De loin, dans sa robe plissée verte très élégante (en dépit de mon désamour total pour cette couleur), Sol Gabetta me fait penser à l'actrice qui joue Teddy dans Grey's Anatomy. Ne cherchez pas de photo s'il vous manque le comparé ou le comparant : les deux grandes blondes à la maigreur musclée ne se ressemblent pas du tout de visage. Peut-être est-ce le mélange de passion et de précision chirurgicale avec laquelle la violoncelliste se penche sur son instrument... Toujours est-il que le bis qu'elle nous a sorti (et dont je n'ai évidemment pas retenu le nom – je prie pour que Joël passe par ici me le déposer) était fascinant, plein de doigts qui descendent, aussi inexorablement que s'avance l'araignée qu'on essaye d'éviter en reculant, et de cordes étirées à la limite de l'audible.

 

Agnus Dei, qui tollis peccata mundi, miserere nobis, prends pitié de nous et de nos images saugrenues de souris incapables de se concentrer.

Monsieur Gustave

Si tu aimes les frères Coen, tu aimeras The Grand Budapest Hotel. Cet indice de ma collègue ne m'a guère avancée : j'avais plutôt ri devant A Serious Man et The Dude m'avait plutôt ennuyée, Inside Llewyn Davis me laissant mi-figue mi-raisin. Heureusement, le côté éternel loser de The Grand Budapest Hotel est enlevé par le ton acide et les couleurs acidulées du conte.

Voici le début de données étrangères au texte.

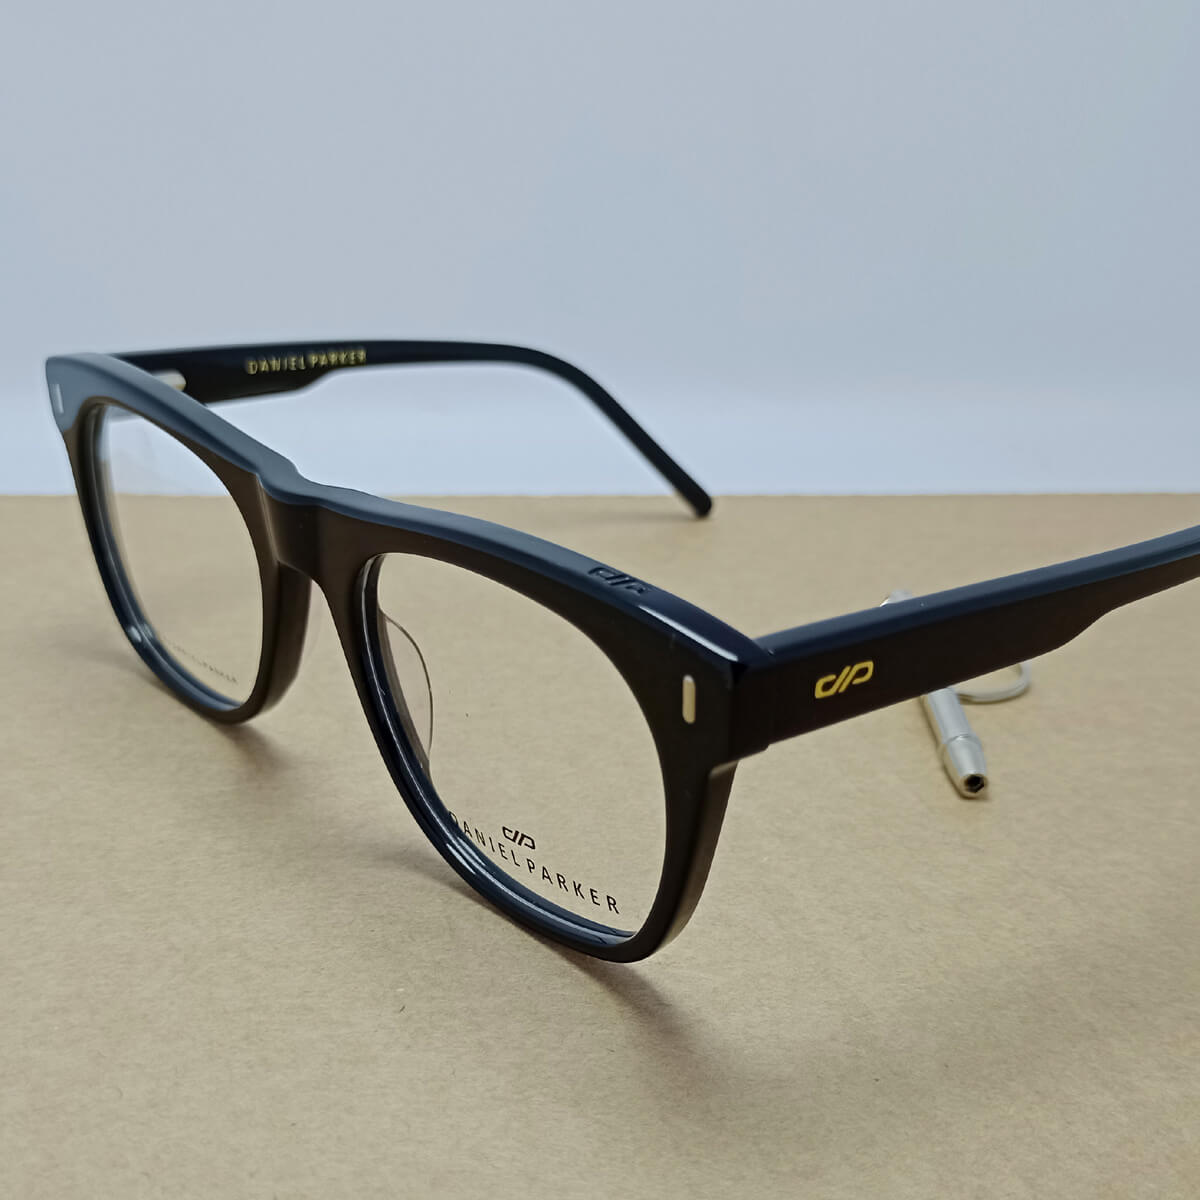 Exclusively Crafted Daniel Parker Eyeglasses Frame Nine Optic

L'esthétique de boule de neige, qui affadissait un Anna Karénine kitschifié, est ici doublée par un côté œil de bœuf, qui grossit les traits des personnages jusqu'à en faire, justement, des personnages : un tueur avec une tête de tueur et des têtes de mort à tous les doigts, une soubrette comme on n'en fait plus que chez Sacher, trois sœurs plus hideuses les unes que les autres, une jolie pâtissière avec une tâche de vin en accroche-cœur sur la joue et surtout, un maître d'hôtel aux grandes manières et aux petites manies, qui a baisé à peu près toute sa clientèle avec beaucoup de charme et de discrétion. Monsieur Gustave, maître d'hôtel du Grand Budapest Hotel à l'époque de sa grandeur, a eu le temps de devenir un personnage de légende depuis que Zero (zéro études, zéro expérience, zéro famille), groom débutant, a été témoin de ses péripéties : ce n'est que bien des années plus tard, lorsque l'ancien garçon d'étage a pour ainsi dire hérité de l'hôtel fort décati, qu'il raconte leur histoire à un écrivain de passage, qui lui-même ne la publiera que bien des années plus tard et qu'une jeune fille lira un beau jour neigeux quelque part sur un banc (attention à ne pas se pincer les doigts dans ces poupées russes à grande vitesse).

En sortant de la salle, on n'est déjà plus certain d'avoir bien suivi cette aventure rocambolesque d'héritages multiples, entre testaments à rebondissements, course à l'œuvre d'art et apprentissage du métier. Le fil narratif n'est qu'un prétexte d'Ariane pour remonter vers un monde perdu1 à coups de souvenirs déformés. Toute disproportion est bonne à prendre : l'affreux tableau que tous les héritiers d'une fortune considérable se disputent aussi bien que les outils de poupée cachés dans des pâtisseries pour faire évader des prisonniers, le sermon poétique dans un placard à balai, la vieille dame de 80 ans définie comme un sacré bon coup, les télécabines musicales pour s'assurer de ne pas être suivi, le réseau clandestin de maîtres d'hôtel dans les palaces du monde entier ou encore le sens des priorités de l'élégant tout juste évadé de prison, qui préfère se parfumer avant de s'enfuir. De ce capharnaüm surgit la nostalgie d'un monde qui n'existait déjà plus à l'époque de monsieur Gustave, bien qu'il en ait maintenu « l'illusion avec une grâce merveilleuse », et qui n'a en réalité jamais existé que sous la forme de cette illusion. Tout comme l'histoire de Wes Anderson. Tout dans la manière, les manières, du maître (d'hôtel).

 

1 Seule référence à Zweig que j'ai pu trouver, malgré la revendication explicite des romans de l'auteur comme source d'inspiration.   

Mit Palpatine, qui a lui aussi trouvé jubilatoire ce "conte passé à la lessiveuse-enjoliveuse des histoires passées de bouche à oreille".